At the owner meetings last week, the owners voted overwhelmingly in favor of the salary cap penalties levied against the Washington Redskins and Dallas Cowboys for front-loading contracts in 2010--the uncapped season. The final tally was 29-2-1, meaning that Dallas will have to wear the $10 million cap hit over the next two years. For the ‘Skins, that figure is $36 million.
Some have wondered, and rightfully so, if the Cowboys and Redskins are being punished for exceeding the imaginary salary cap in 2010, shouldn’t the teams that didn’t meet the imaginary salary floor--of which there were up to seven--be punished as well?
Well Goodell, in pure Goodellian fashion, isn’t getting into specifics.
“Did any teams gain a competitive advantage?” Goodell asked, per the Dallas Morning News. “That was the focus that the NFLPA and we had going forward; that's why we reached an agreement.
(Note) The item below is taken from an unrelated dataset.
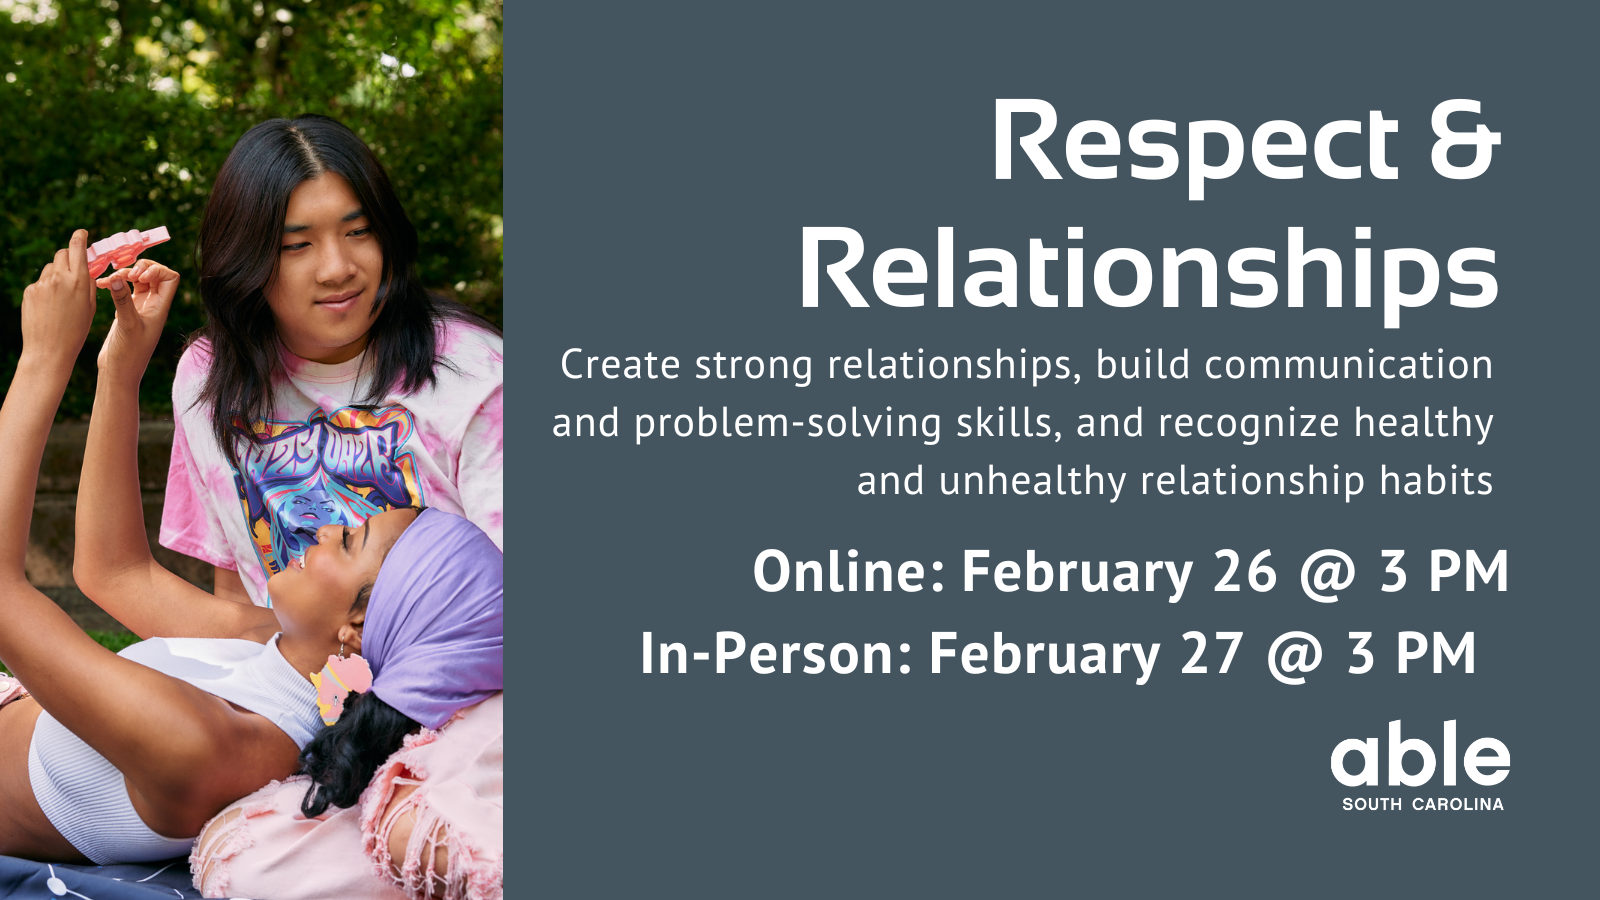 Text, 'Respect & Relationships. Create strong relationships, build communication and problem-solving skills, and recognize healthy and unhealthy relationship habits. Online Feb. 26, In-person Feb. 27 @ 3 pm.' Photo of an Autistic couple lounging outside.

We wanted to make sure coming out of this agreement that no one had a long-term competitive advantage.”
Of course, it’s a little curious that Goodell’s chief worry here seems to be competitive balance, while we’d imagine that teams underspending during the uncapped season did as much if not more to damage competitive balance than the teams that overspent. But, hey, it’s Roger Goodell’s NFL. We’re all just living in it, and at times, scratching our heads at what seems incredibly specious logic.